> **Information shown**:

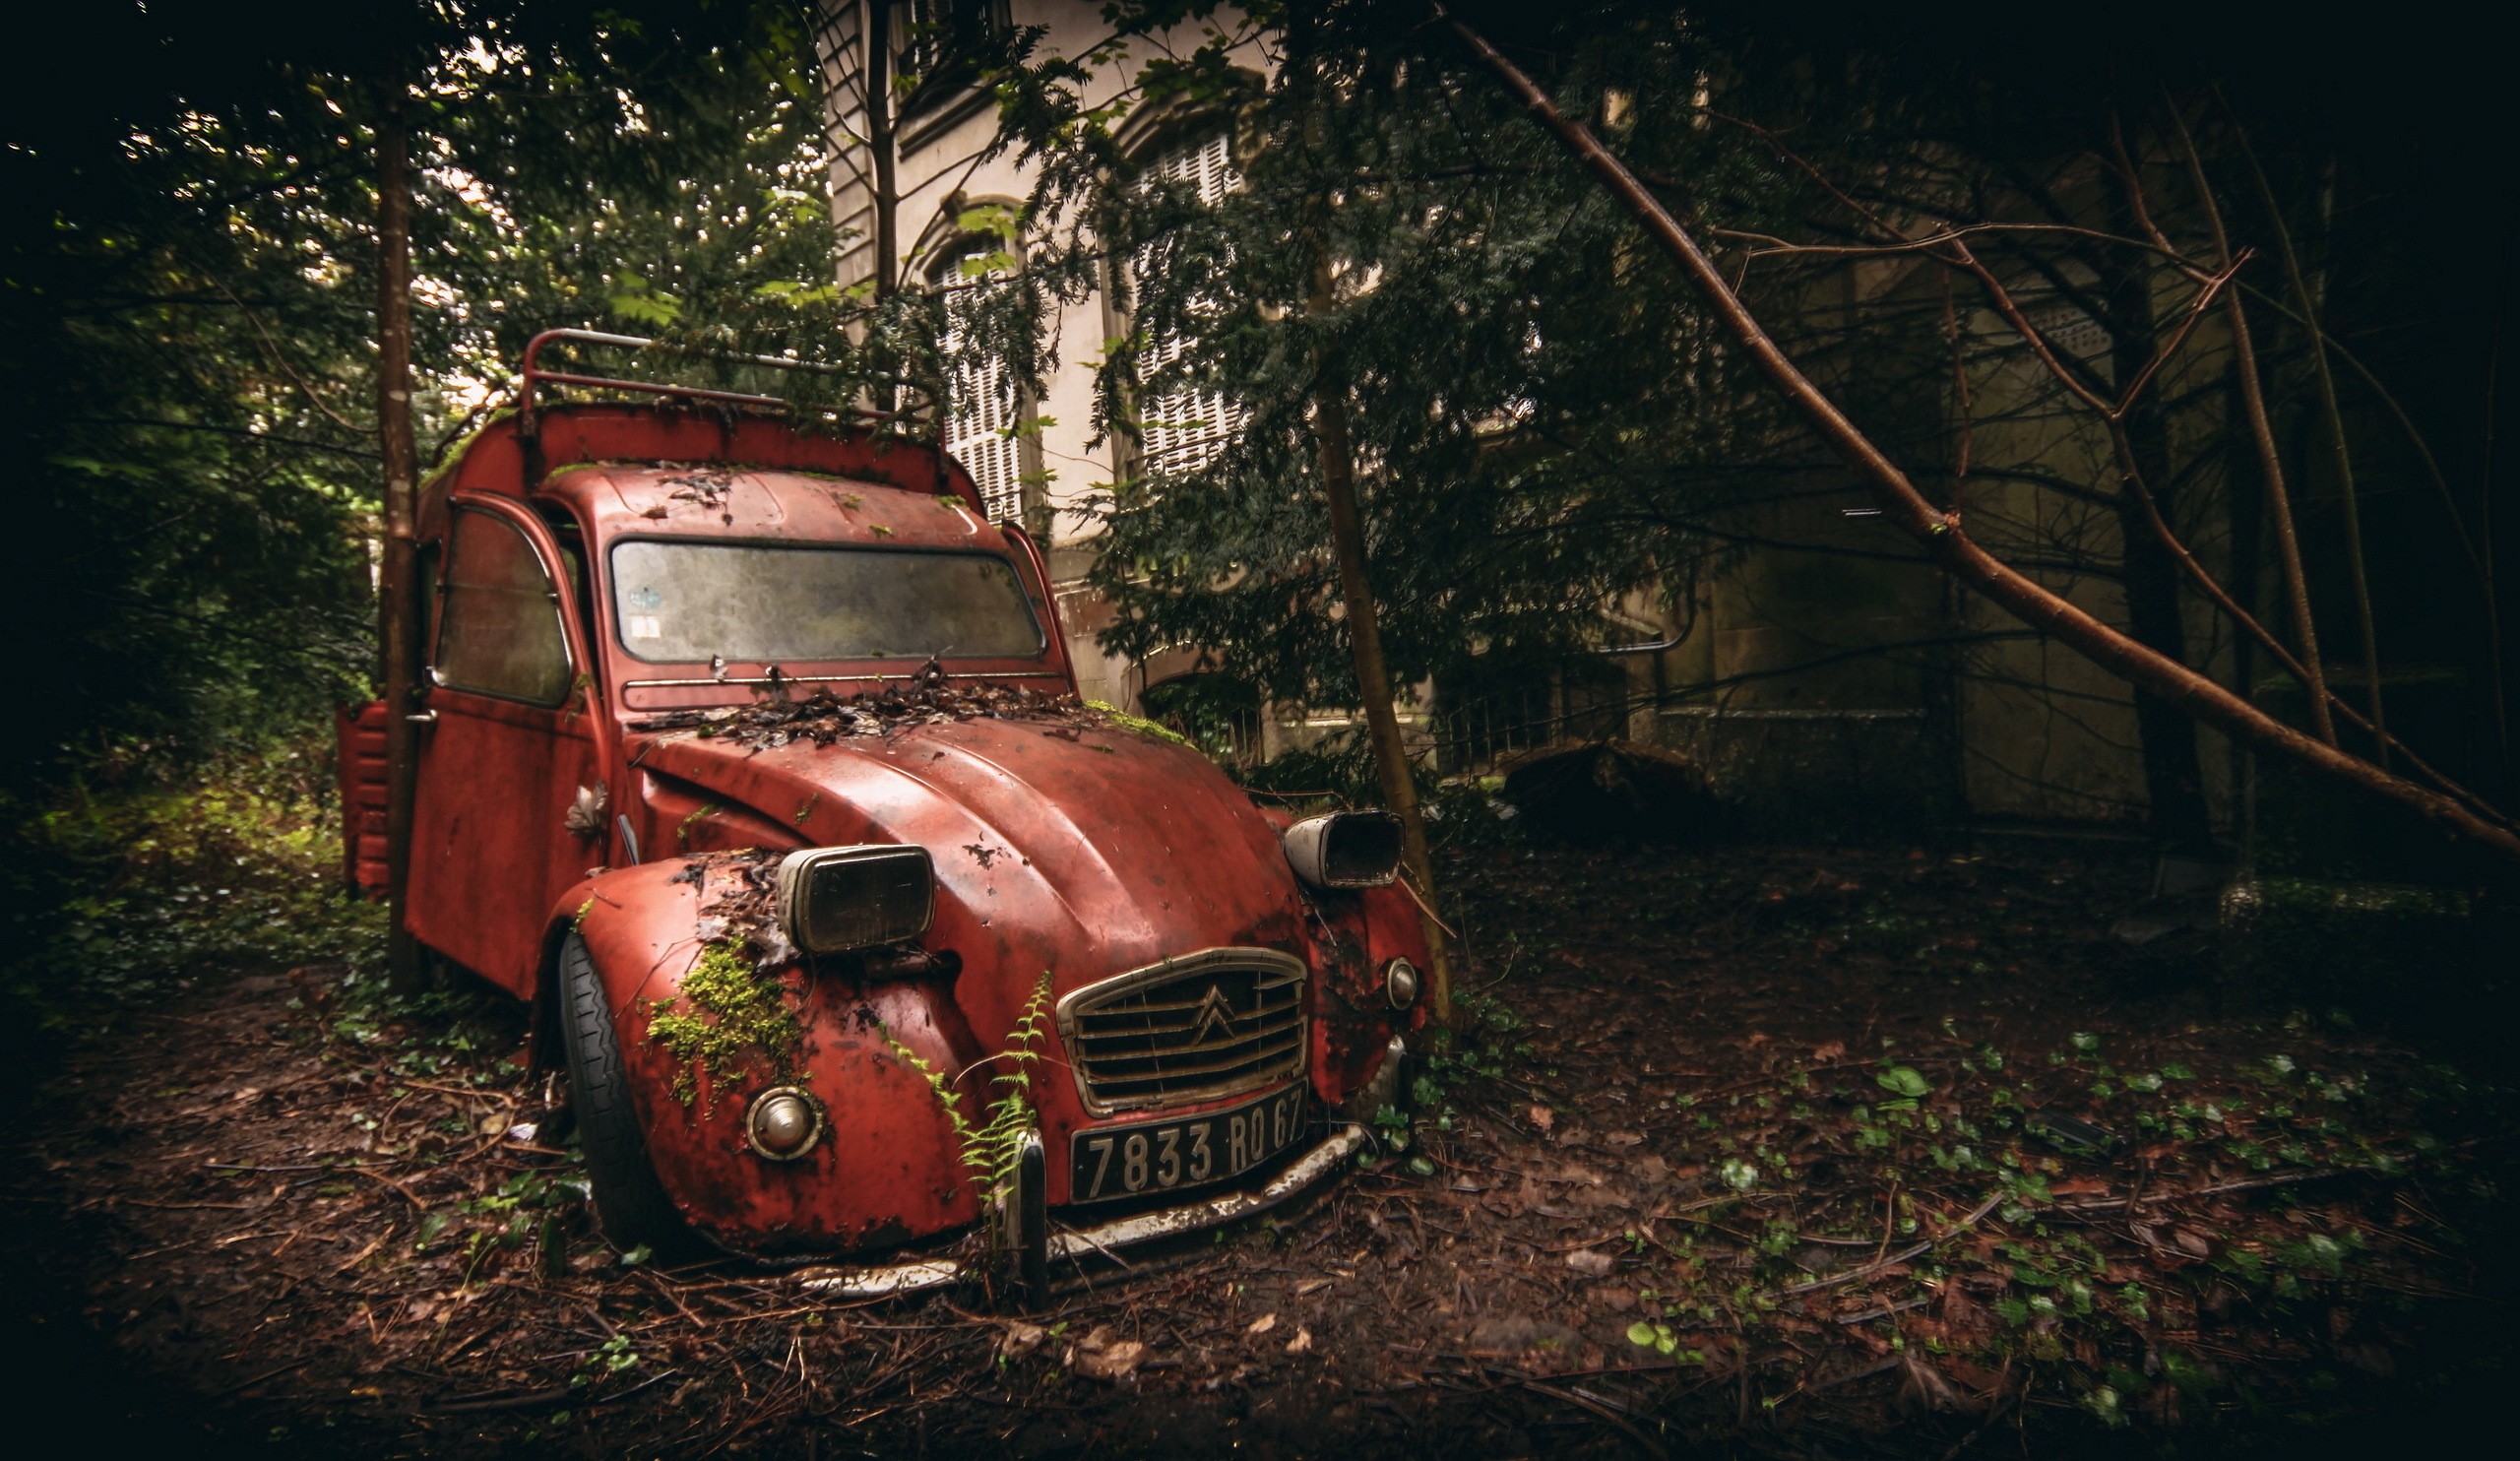 Citroën, Wreck, Red cars, Vehicle Wallpaper
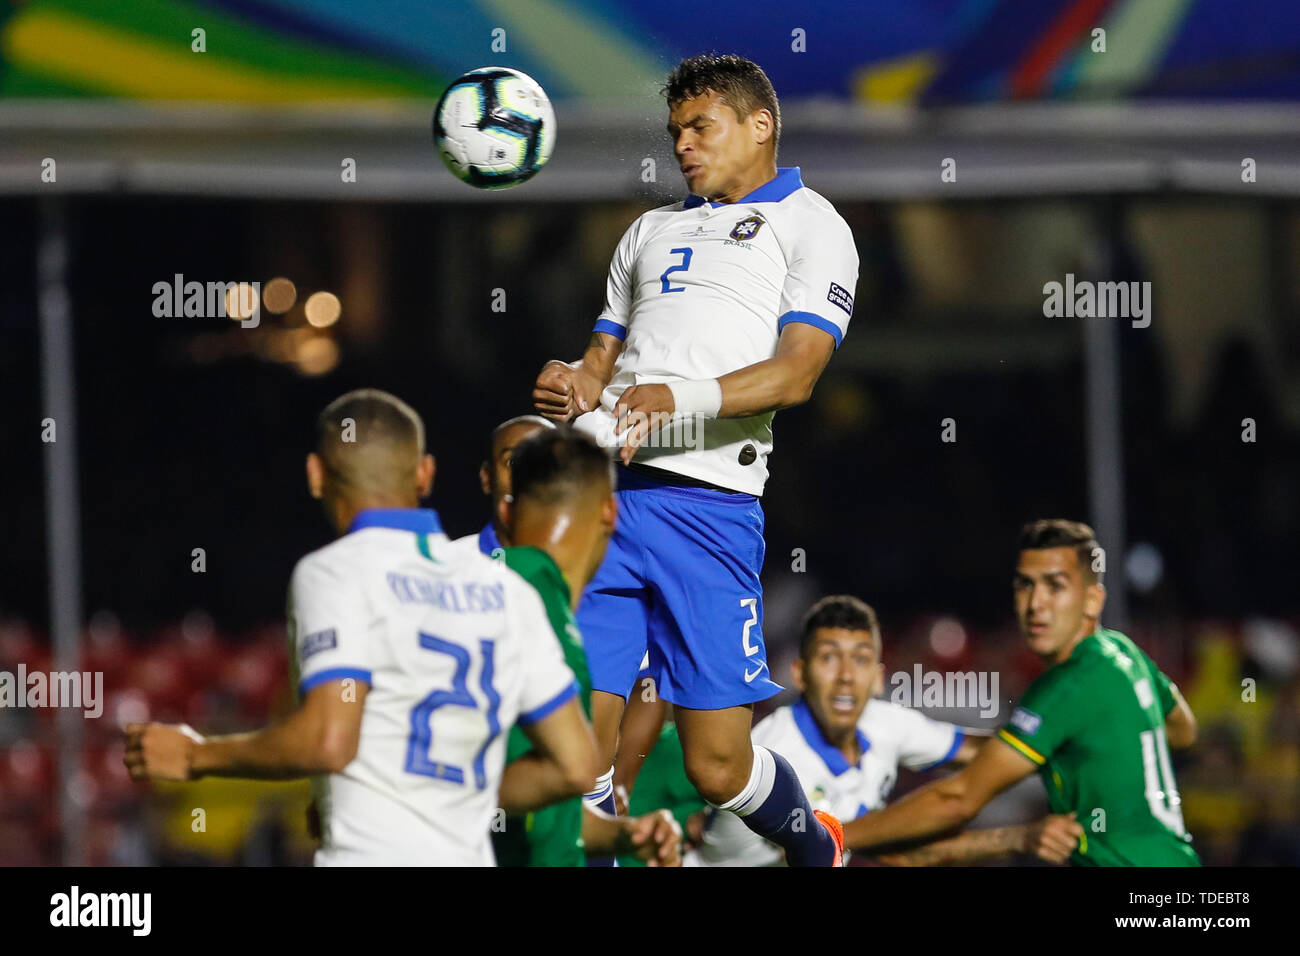 Sao Paulo, Brazil. 14th June, 2019. BRAZIL VS. BOLIVIA - Thiago Silva  during a match between Brazil and Bolivia, valid for the 2019 Copa America  group stage, held this Friday (14) at
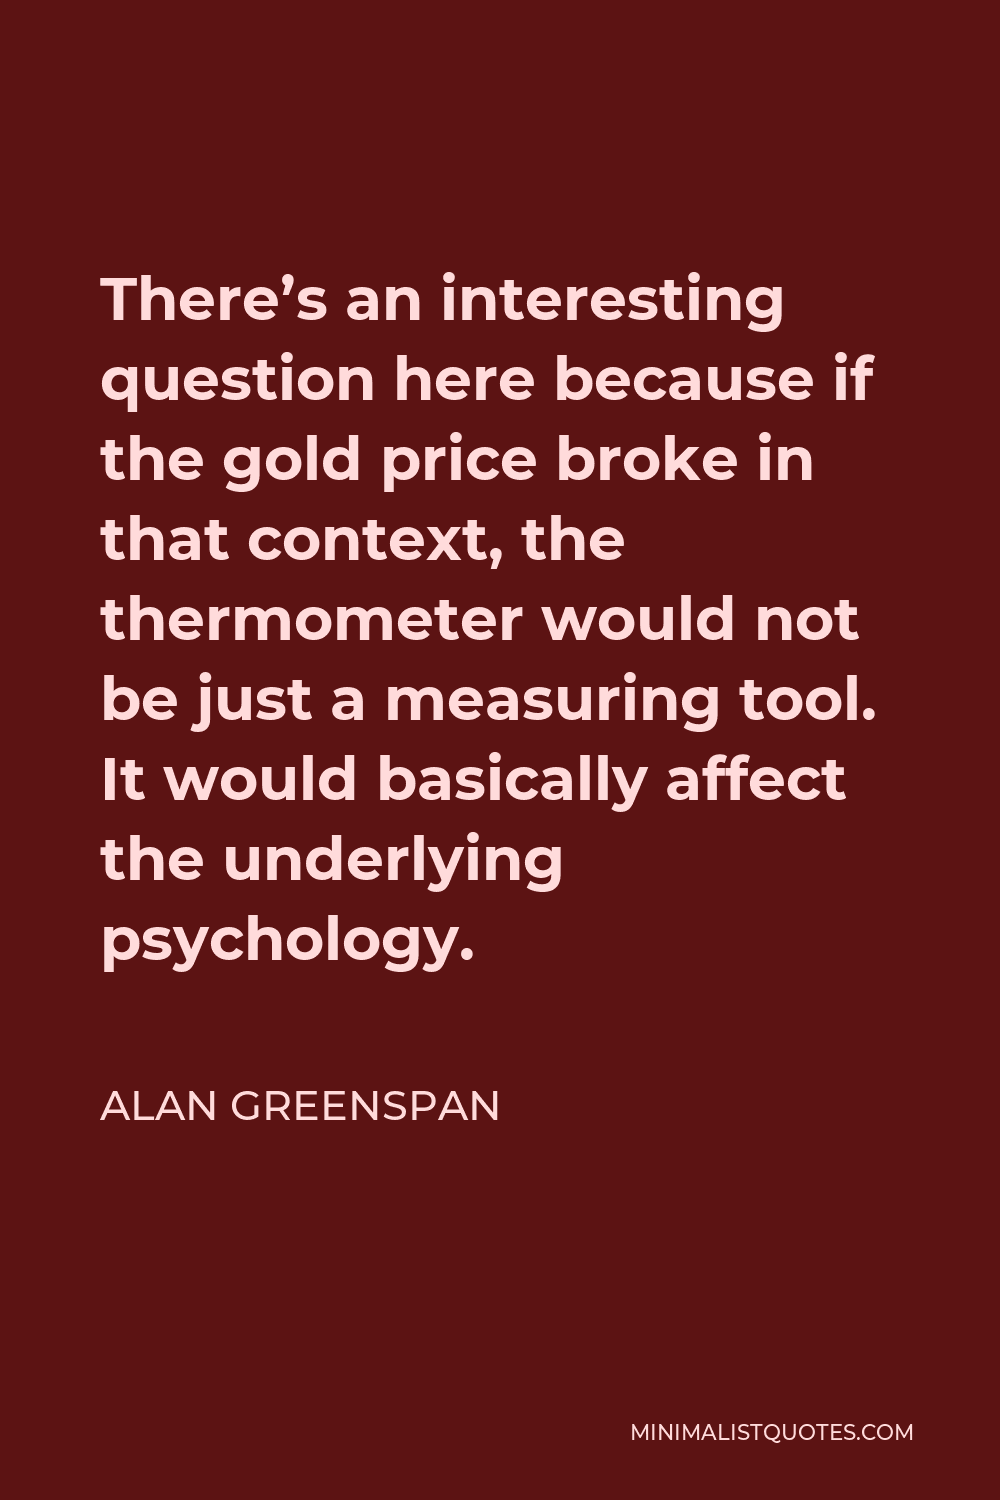 Alan Greenspan Quote - There’s an interesting question here because if the gold price broke in that context, the thermometer would not be just a measuring tool. It would basically affect the underlying psychology.

> **Task requirements**: The result should be the material above, unchanged and free of pictures; please print it.

> **Task solution**:
 Citroën, Wreck, Red cars, Vehicle Wallpaper
 Sao Paulo, Brazil. 14th June, 2019. BRAZIL VS. BOLIVIA - Thiago Silva  during a match between Brazil and Bolivia, valid for the 2019 Copa America  group stage, held this Friday (14) at
 Alan Greenspan Quote - There’s an interesting question here because if the gold price broke in that context, the thermometer would not be just a measuring tool. It would basically affect the underlying psychology.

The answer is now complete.